An object of the present invention is to provide an inexpensive fluorescent lamp lighting device that can appropriately reset accumulated lighting time data by attaching / detaching a fluorescent lamp and does not require a dedicated reset switch.
[0004]
[Means for Solving the Problems]
The present invention includes a nonvolatile memory that records the cumulative lighting time of the fluorescent lamp, and controls the light output of the fluorescent lamp to be substantially constant with reference to the cumulative lighting time of the nonvolatile memory. Assuming
In the present invention, the state of connection between the fluorescent lamp and the first socket and the second socket that detachably holds each end thereof is monitored, and the attachment and detachment is in the order of the first socket and the second socket. A reset circuit is provided that resets the accumulated lighting time data in the non-volatile memory and does not perform the reset operation in the reverse order of the second socket and the first socket.
For example, when each end of the fluorescent lamp is mounted in the order of the first socket and the second socket, the data of the cumulative lighting time in the nonvolatile memory is reset, and the reverse order is the second socket and the first socket. In some cases, the reset circuit does not perform the reset.
[0005]
DETAILED DESCRIPTION OF THE INVENTION
The embodiment of the present invention will be described with reference to FIGS. The fluorescent lamp lighting device of FIGS. 1 and 2 includes a nonvolatile memory 24 that records the cumulative lighting time of the fluorescent lamp 23. This is a method of controlling the light output of the fluorescent lamp 23 to be substantially constant with reference to the cumulative lighting time of the nonvolatile memory 24.
The connection state between the fluorescent lamp 23 and the first socket 31 and the second socket 32 that detachably holds each end thereof is monitored, and if the attachment / detachment is in the order of the first socket 31 and the second socket 32, the nonvolatile state There is provided a reset circuit 26 that resets the accumulated lighting time data in the memory 24 and does not perform the reset when the order of the second socket 32 and the first socket 31 is reversed.

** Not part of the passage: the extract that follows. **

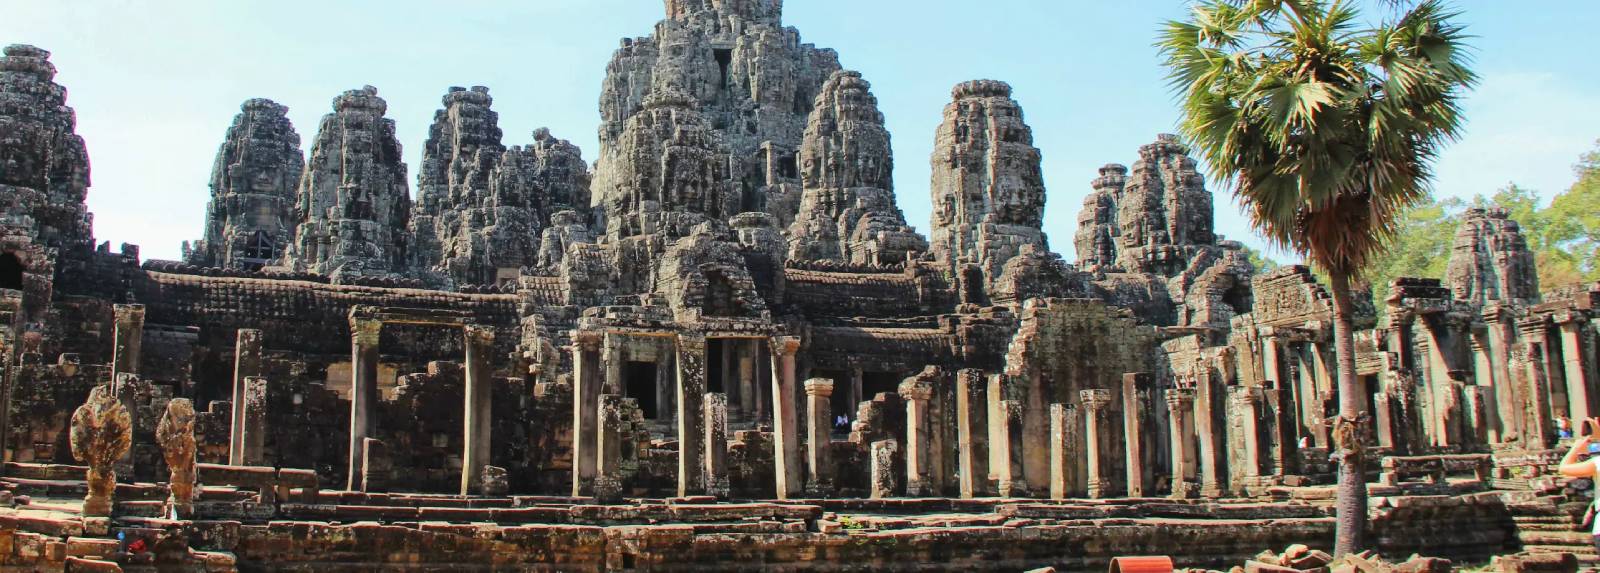 September Travel Guide to Cambodia

It supplements about FIG. The output of the AC power supply 1 is supplied to the rectifier circuit 3 via the input circuit 2. The rectified output voltage is converted into an appropriate stable DC voltage Vc by an active filter circuit (chopper circuit) 4. The inverter type ballast 21 operates upon receiving the DC voltage Vc. The inverter type ballast 21 includes an inverter circuit and an inductor element for ballast for stabilizing discharge. The output of the inverter type ballast 21 is supplied to the fluorescent lamp 23 through a pair of first socket 31 and second socket 32. The active filter circuit 4 includes a chopper inductor 5, a switching element 10, a reverse blocking diode 5, and a smoothing capacitor 7. Further, resistors 12 and 13, a drive circuit 14, and an output resistor 11 are provided. Further, resistors 8 and 9 for voltage detection are attached, and the drive circuit 14 receiving the detection signal controls so that the DC voltage (output voltage) Vc becomes a set level. The non-volatile memory 24 is, for example, an EEPROM or an electric double layer capacitor that retains recording even when the AC power source 1 is cut off. However, the non-volatile memory 24 is effective even if the non-volatile memory is maintained by supplementing the backup power source.

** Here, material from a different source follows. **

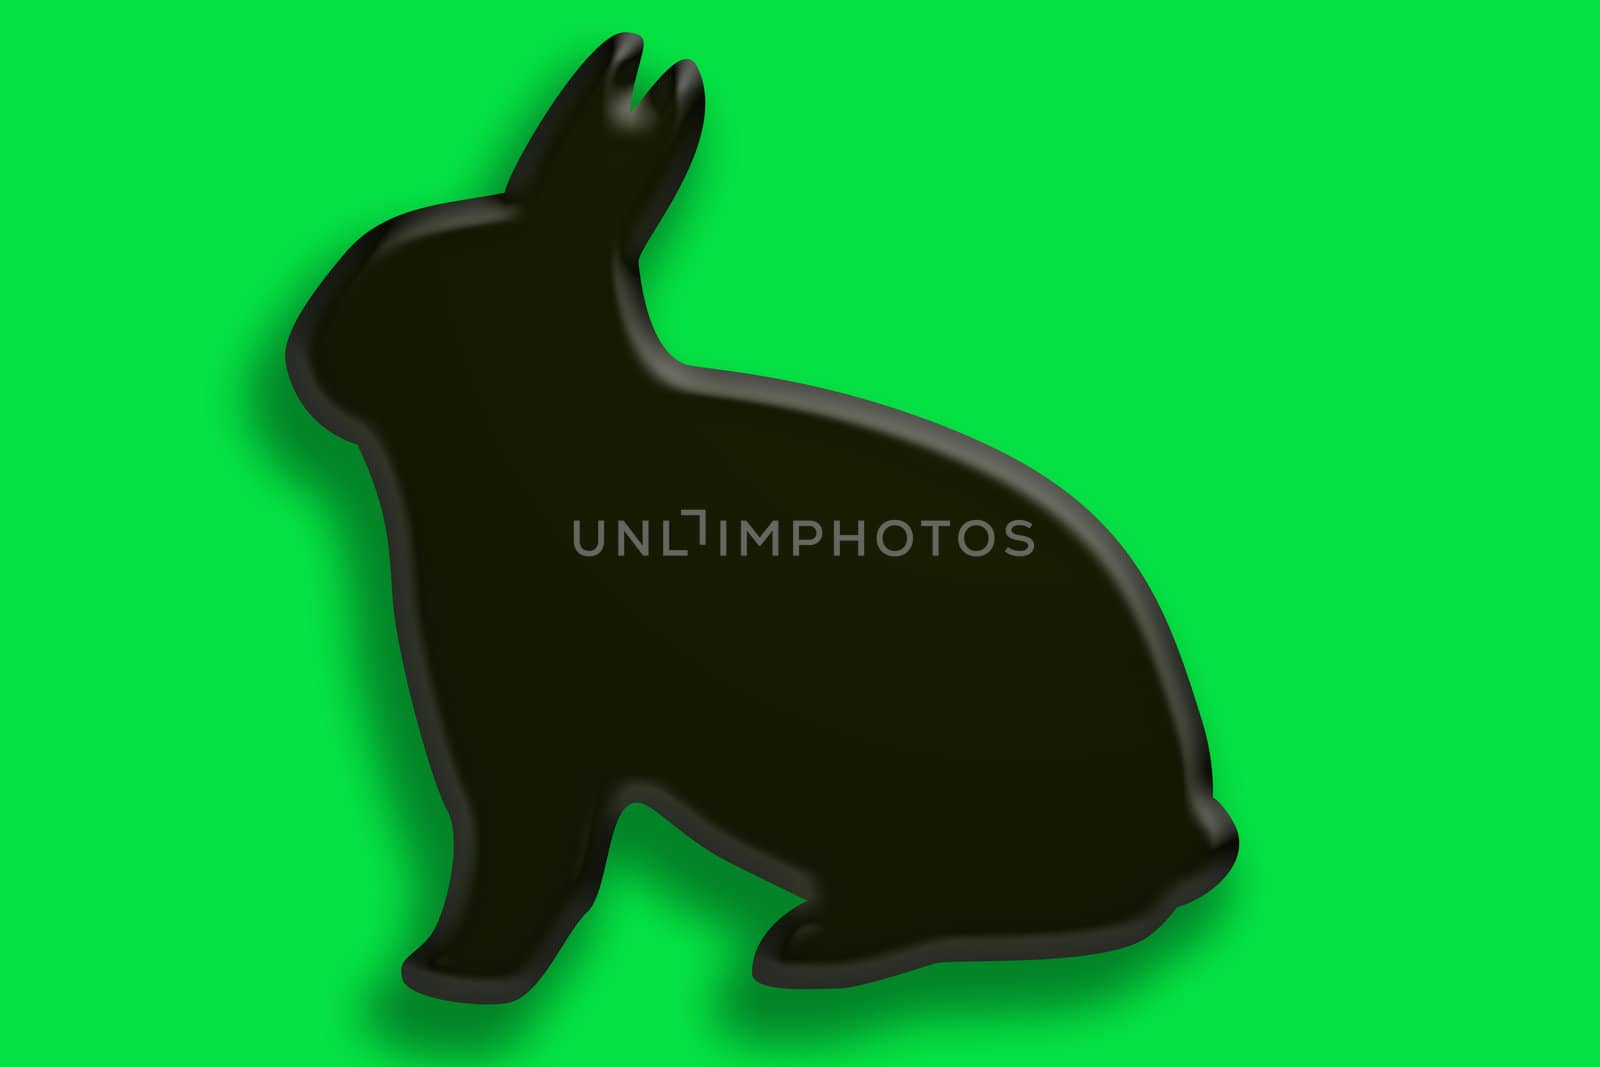 hare on green background

The order determination circuit 25 in FIG. 1 monitors the connection status of the sockets 31 and 32. When each end of the fluorescent lamp 23 is attached to the first socket 31 or the second socket 32, the corresponding filament electrode is inserted into the circuit, and when it is detached, it is removed. The change is detected. The order determination circuit 25 logically determines whether or not both ends of the fluorescent lamp 23 are mounted in the order of the first socket 31 → the second socket 32. In this case, it is determined that reset is necessary, and a reset signal is output. If the order is from the second socket 31 to the second socket 31, it is determined that the reset is unnecessary, and the formation of the reset signal is postponed. When a new fluorescent lamp 23 is mounted, the first socket 31 and the second socket 32 are mounted in this order. When the fluorescent lamp 23 removed for cleaning is mounted again, the second socket 31 is mounted in the order of the second socket 31. Which is the first socket 31 or the second socket 32 defined above is displayed in advance so that it can be seen from the outside in the vicinity thereof. In this case, when the fluorescent lamp 23 is mounted, it can be confirmed that the fluorescent lamp 23 is new and the sequential operation can be performed, so that there is little room for post-operation (forgetting resetting or erroneous resetting).
In the above description, the order in which the fluorescent lamps 23 are attached to the sockets 31 and 32 is used. However, this is also almost the same as a method of monitoring the order of removal instead. When each end of the fluorescent lamp 23 is removed from the first socket 31 and then removed from the second socket 32, the reset signal is output assuming that the fluorescent lamp 23 is discarded and replaced with a new fluorescent lamp 23. . In the reverse order, it is interpreted as temporary removal due to cleaning reasons, etc., and the reset signal transmission is postponed.
The reset signal of the order determination circuit 25 is supplied to the reset circuit 26. At that time, the reset circuit 26 resets the data of the cumulative lighting time recorded in the nonvolatile memory 24 and rewrites it to the initial value 0. In the present invention, the order related to the sockets 31 and 32 is determined and reset as appropriate. However, it is a matter of course that these are assumed to be in an energized state where the AC power source 1 and the like are not shut off. It is possible to remove and clean the fluorescent lamp 23 under the condition that the AC power source 1 is cut off. In this case, there is no problem of resetting or not. Since it becomes cleaning, it is inconvenient. It is also possible to reset the accumulated lighting time data by adding a dedicated reset switch. In this case, however, the problem is where to place the reset switch. In particular, when an existing fluorescent lamp apparatus (more precisely, the apparatus main body) is shared, there is no appropriate reset switch mounting part. When the reset switch is arranged outside the fluorescent lamp fixture, it is necessary to extend the reset line from the fluorescent lamp fixture, but no suitable wiring hole is found on the fixture side. For this reason, the reset switch system is expensive.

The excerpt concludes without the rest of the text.